It's worth pointing out that the ML workspace gives you full control over virtual network settings, so you can keep this compute resource or associated storage accounts etc. in their own virtual network, away from the prying eyes of the Internet. Your InfoSec team will probably be happy to hear that their valuable and sensitive training data will always be secure.

Once the above command finishes running, you should see a compute resource provisioned for you, as shown in Figure 4.

The name of the compute resource is important. Now I wish to be able to submit my experiment and in order to submit it, I need to supply a configuration. This configuration file resides in the .azureml folder in a file called sklearn.runconfig. You can see my sklearn.runconfig in Listing 2. Of special note in Listing 2, is the value of “target”. Look familiar? That's the name of the compute target you created earlier.

Listing 2: The sklearn.runconfig file

{
    "script": "train-sklearn.py", "framework": "Python", "communicator": "None", 
    "target": "mycomputetarget", "environment": {
        "python": {
            "interpreterPath": "python", "userManagedDependencies": false,
                "condaDependencies": {
                    "dependencies":[
                        "python=3.6.2",
                        "scikit-learn",
                        {
                        "pip":["azureml-defaults"]
                        }
                    ]
                }
        },
        "docker": {
            "baseImage":"mcr.microsoft.com/azureml/base:0.2.4";,
            "enabled": true,
            "gpuSupport": true
        }
    }
}

You also need to provide the necessary dependencies your experiment depends on. I've chosen to provide those in a file called training-env.yml, the contents of which can be seen in Listing 3.

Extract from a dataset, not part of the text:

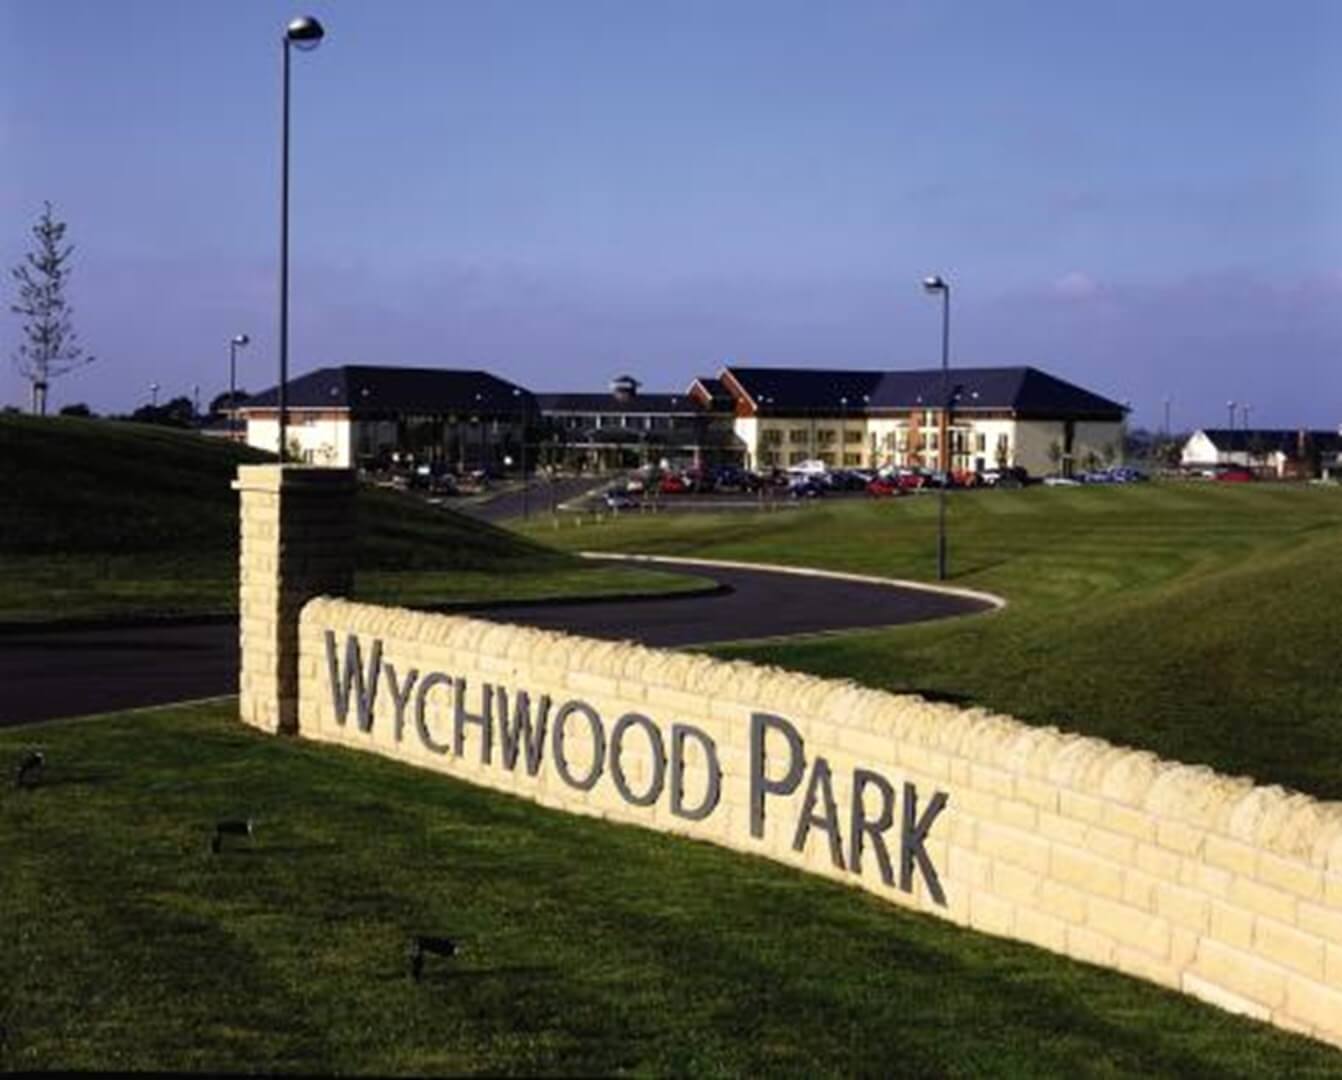 Wychwood park 2

Listing 3: The dependencies file training-env.yml

name: project_environment       
dependencies:  
    - python=3.6.2  
    - pip:    
        - azureml-defaults    
        - scikit-learn    
        - numpy

Assuming that you have a config.json in your .azureml folder pointing to the requisite subscription and ML workspace, you can submit an experiment using the following command.

az ml run submit-script
-c sklearn -e test
-d training-env.yml
train-sklearn.py

By running the above command, you'll get a link to a Web view where you can track the status of the submitted run. At this time, you can just wait for this command to finish, or observe the status of the run under the “Experiments” tab under your ML workspace.

Once the run completes, notice that the ML workspace automatically stores a lot of details for the run, as can be seen in Figure 5.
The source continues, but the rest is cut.